Erzurum Gençlik SK
- Founded: March 14, 1995
- Based in: Erzurum, Turkey
- Colors: Blue & white
- Owner: Erzurum Youth and Sport Directoriate (GSİM)
- President: Memduh Ceyhan
- Website: www.erzurumgencliksporkulubu.com

= Erzurum Gençlik SK =

Turkish sports club

Active branches of Erzurum Gençlik SK
| Archery | Athletics | Badminton | Basketball |
| Billiards | Bodybuilding | Boxing | Canoeing |
| Chess | Curling | Cycling | Fencing |
| Figure skating | Folk dancing | Golf | Gymnastics |
| Handball | Hockey | Ice hockey | Judo |
| Karate | Kickboxing | Luge | Mountaineering |
| Rowing | Skiing | Scouting | Swimming |
| Table tennis | Taekwondo | Tennis | Volleyball |
| Weightlifting | Wrestling | | |

Erzurum Gençlik Spor Kulübü is a multi-sports club established on March 14, 1995, by the Youth and Sport Directoriate (Erzurum GSİM) in Erzurum, Turkey. The club's colors are blue and white. Erzurum Gençlik SK is active in more than 30 branches, including many Olympic sports.

==Venues==
Main venues of the club are:
- Erzurum GSIM Ice Arena: Ice hockey arena with 3,000 seating capacity, home of men's ice hockey team
- Erzurum GSIM Ice Arena: Ice hockey arena with 500 seating capacity, home of women's ice hockey team
- GSIM Yenişehir Ice Hockey Hall: ice skating and ice hockey rink with 2,000 seating capacity
- Milli Piyango Curling Arena: curling arena with 1,000 seating capacity
- Kiremitliktepe Ski Jump: Two competition jump towers of K-125 and K-95 as well as three training jump towers of K-65, K-40 and K-20 for ski jumping

==Teams==
===Curling===
The women's team plays in the Turkish Curling Women's League.
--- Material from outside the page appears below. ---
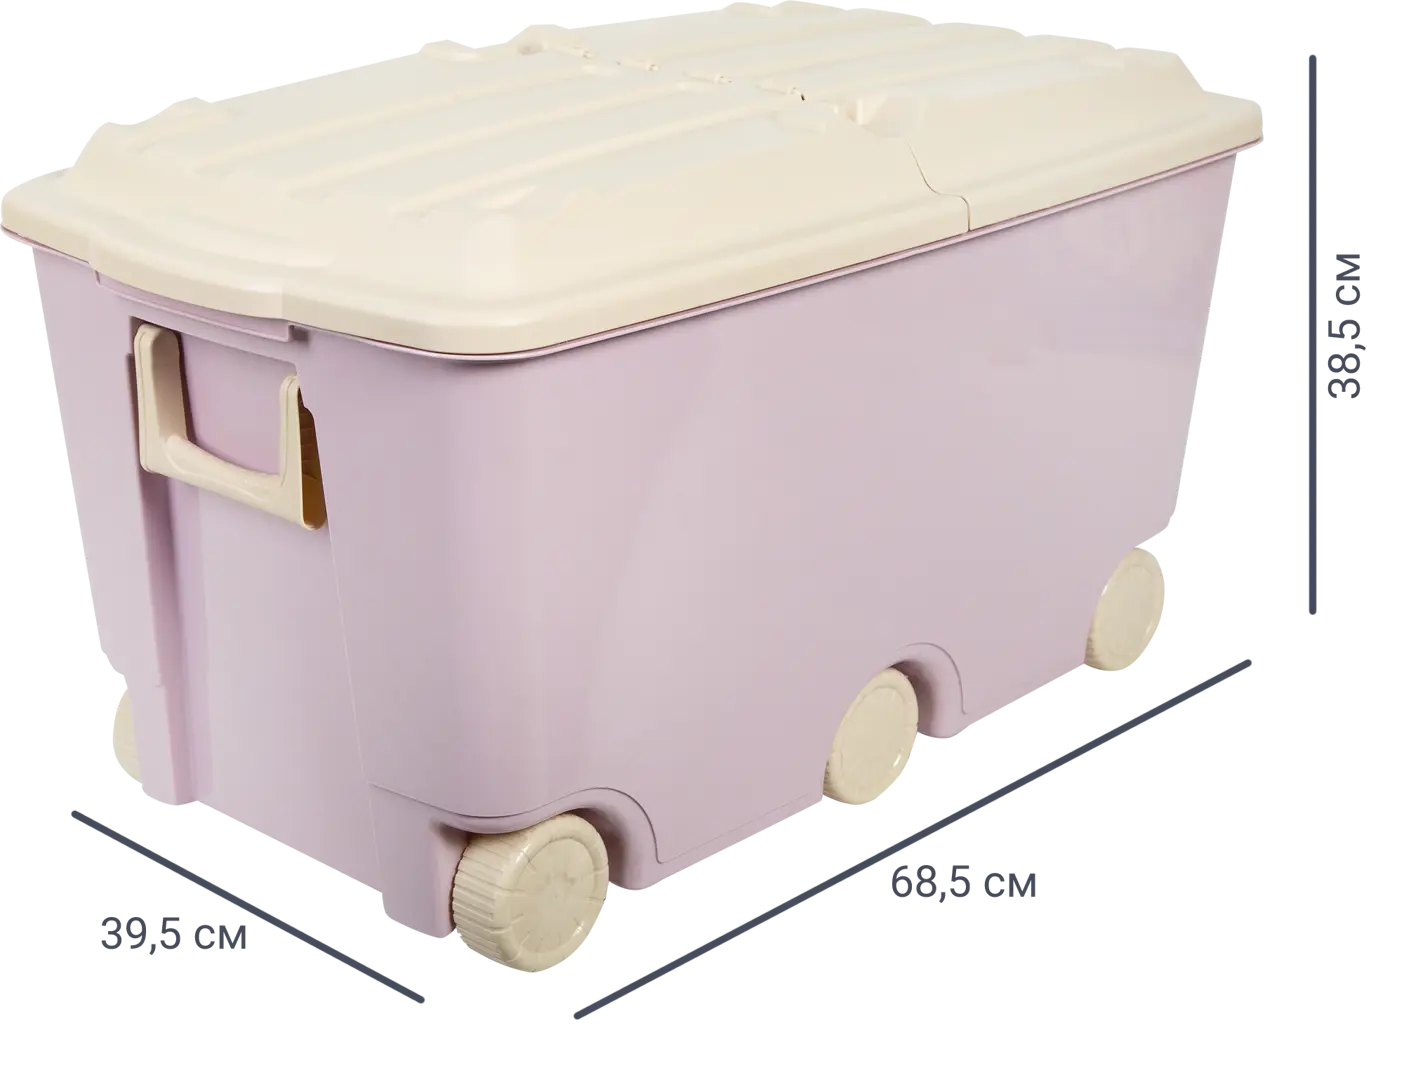 Ящик для игрушек 68.5x39.5x38.5 см 66.5 л пластик с крышкой цвет розовый комплект парта стул выдвижной ящик подставка anatomica amata белый розовый

In 2011, the women's team won the Federation Cup defeating Erzurum Çelebi SK in the final. They became champion at the 2011-12 Turkish Curling Women's League before Erzurum Çelebi SK.

===Ice hockey===
The men's team plays in the Turkish Ice Hockey Super League and the women's team in the Turkish Ice Hockey Women's League.

===Volleyball===
The women's team plays in the Turkish Women's Third League.